#### [WHAT TO DO]
Ignoring the pictures, copy the data exactly.

#### [EXERCISE DATA]
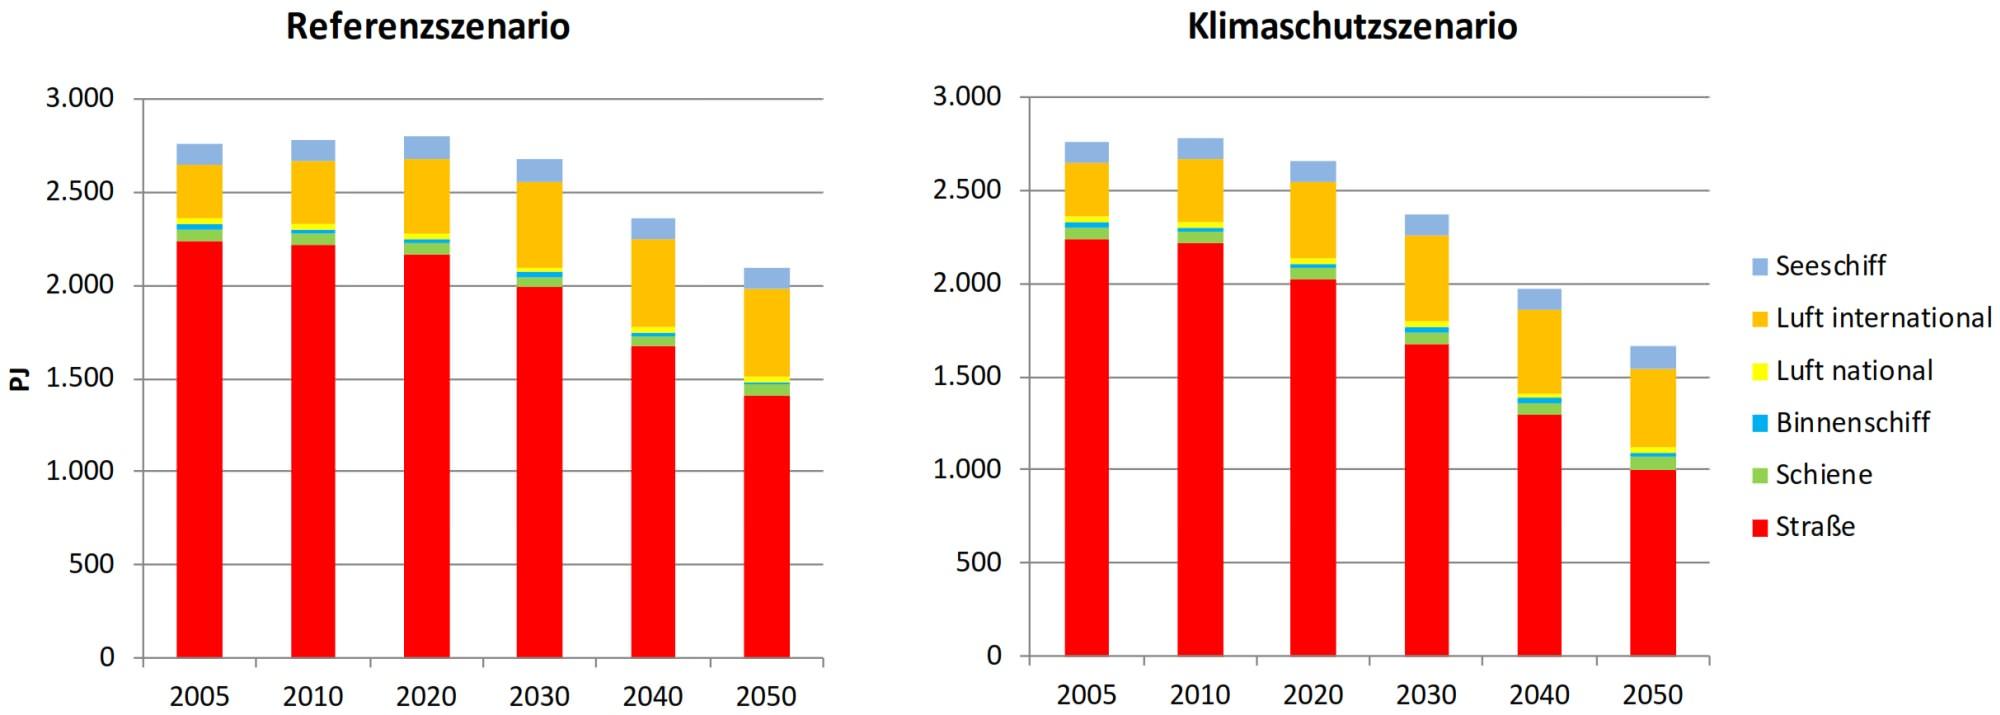 Gesamtverkehr Endenergieverbauch Entwicklung 2050 Klimaschutz im Verkehr
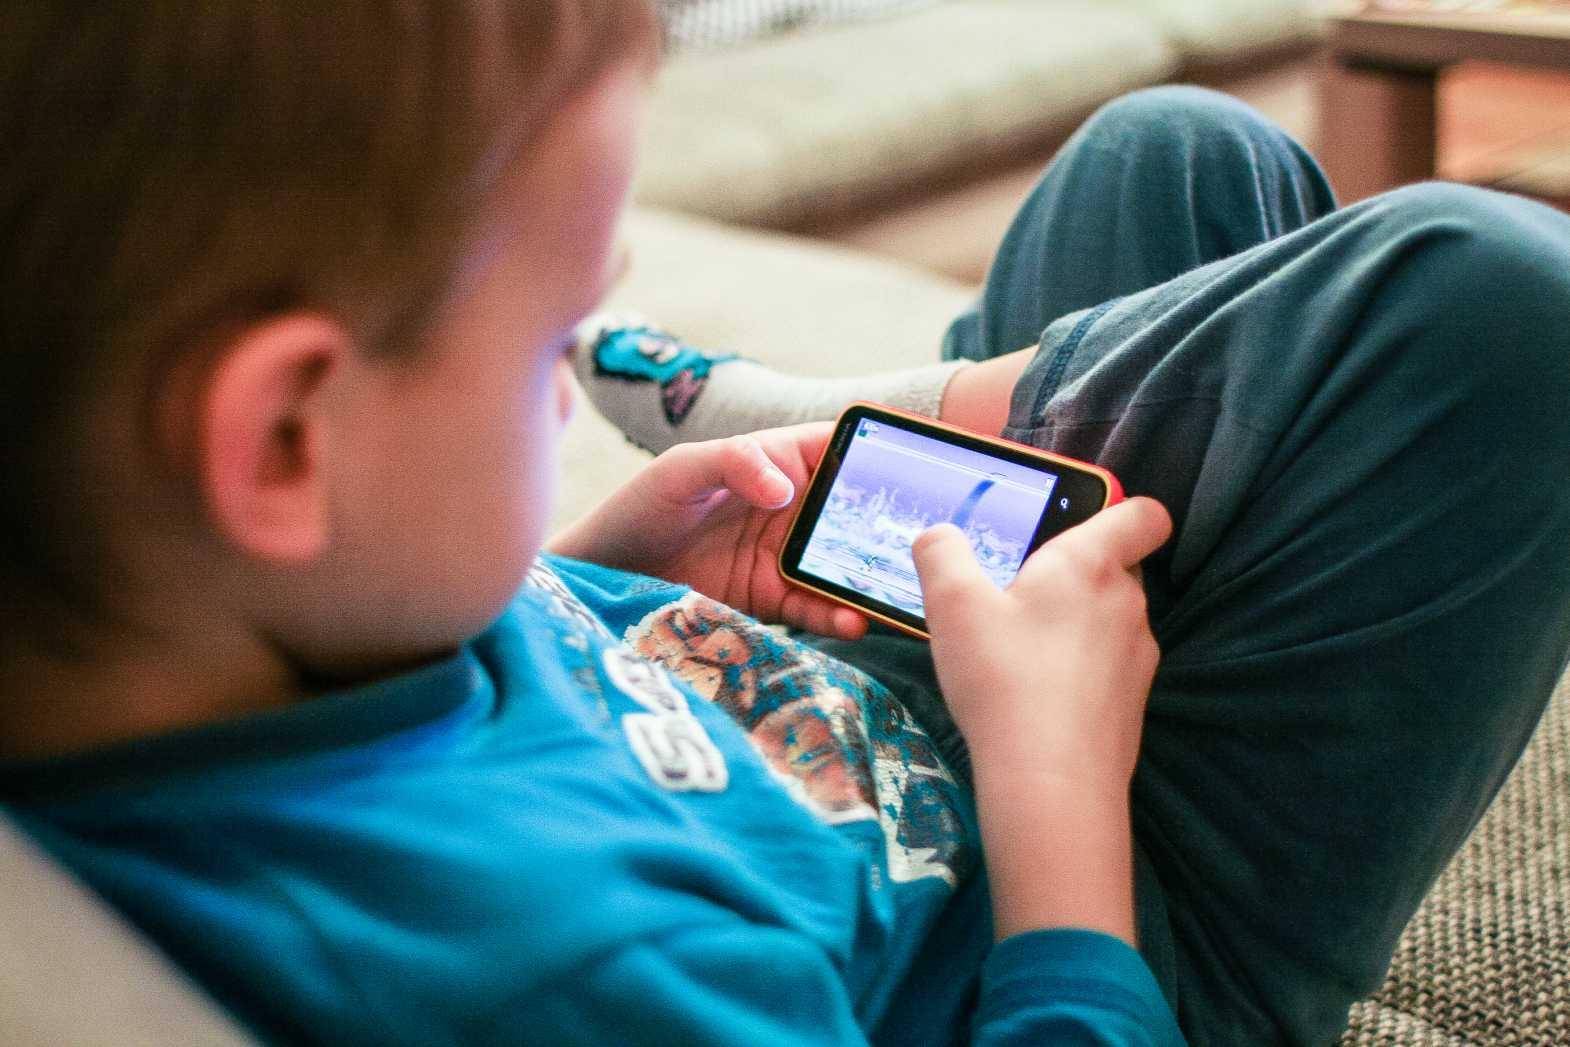 أفضل الألعاب حاليا على الهواتف الذكية وأجهزة Android اللوحية
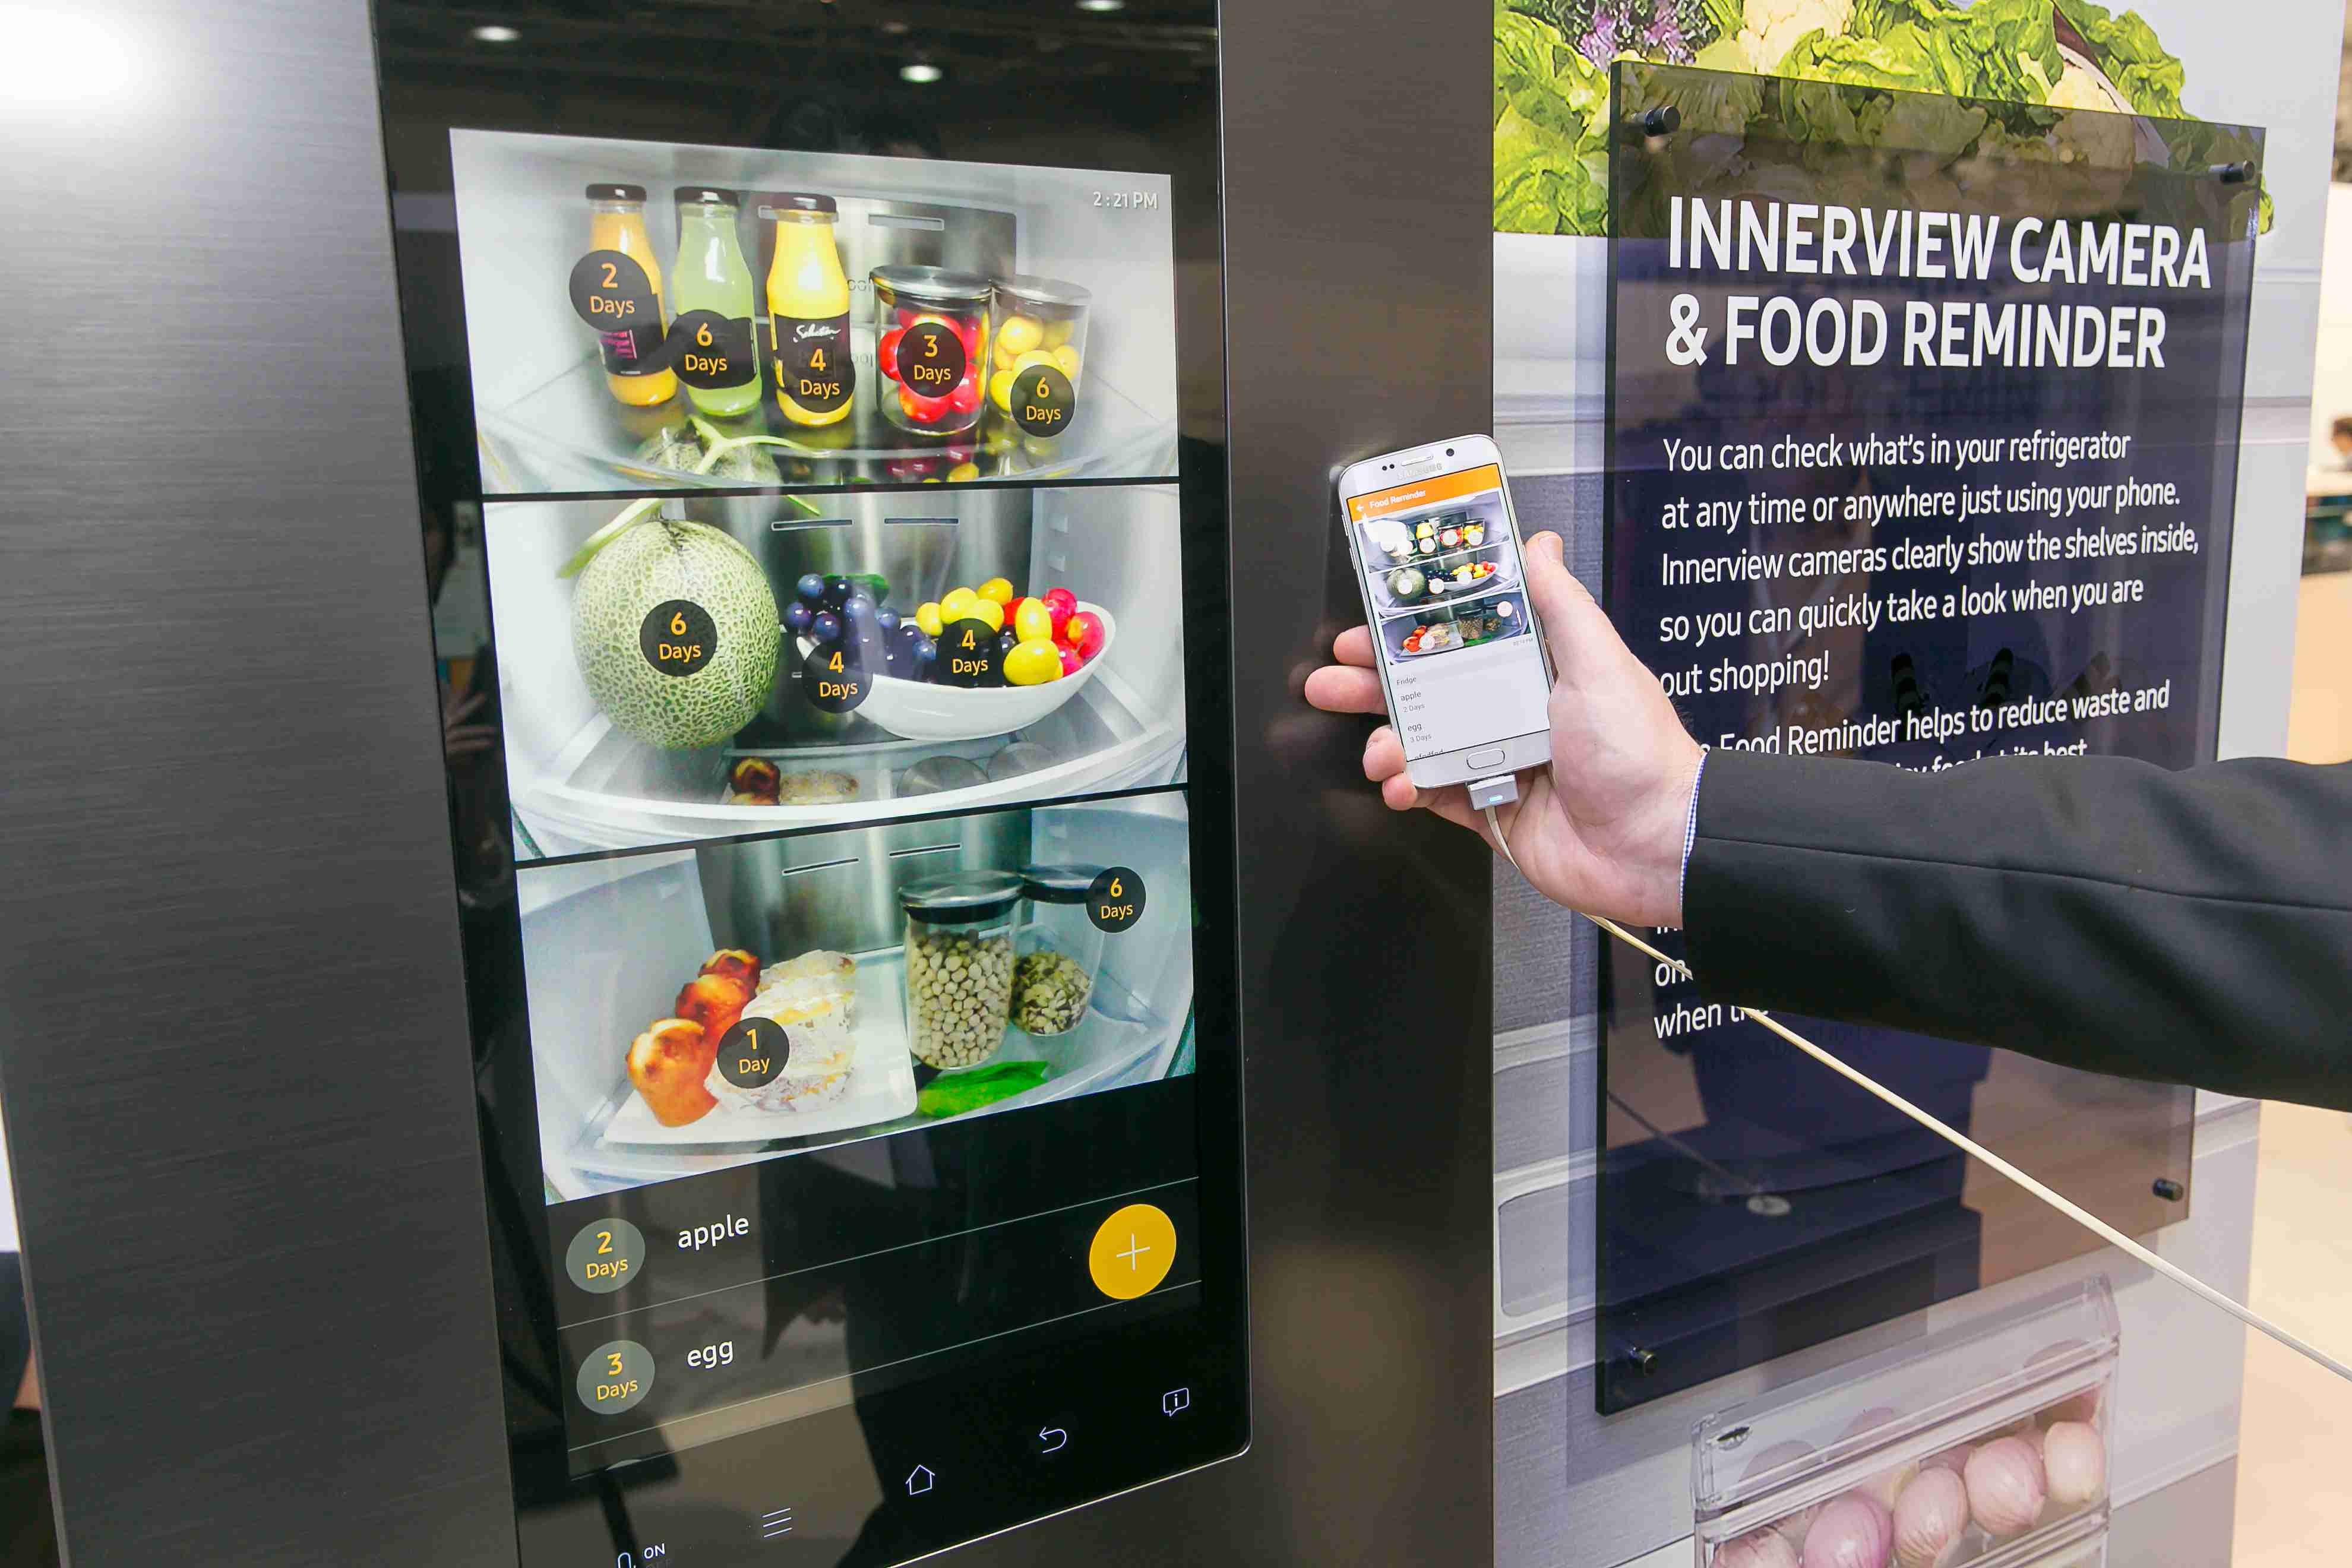 Takto si v chladničke Family Hub pozriete čo je v jej vnútri aj na mobilnom telefóne

#### [FINAL ANSWER]
 Gesamtverkehr Endenergieverbauch Entwicklung 2050 Klimaschutz im Verkehr
 أفضل الألعاب حاليا على الهواتف الذكية وأجهزة Android اللوحية
 Takto si v chladničke Family Hub pozriete čo je v jej vnútri aj na mobilnom telefóne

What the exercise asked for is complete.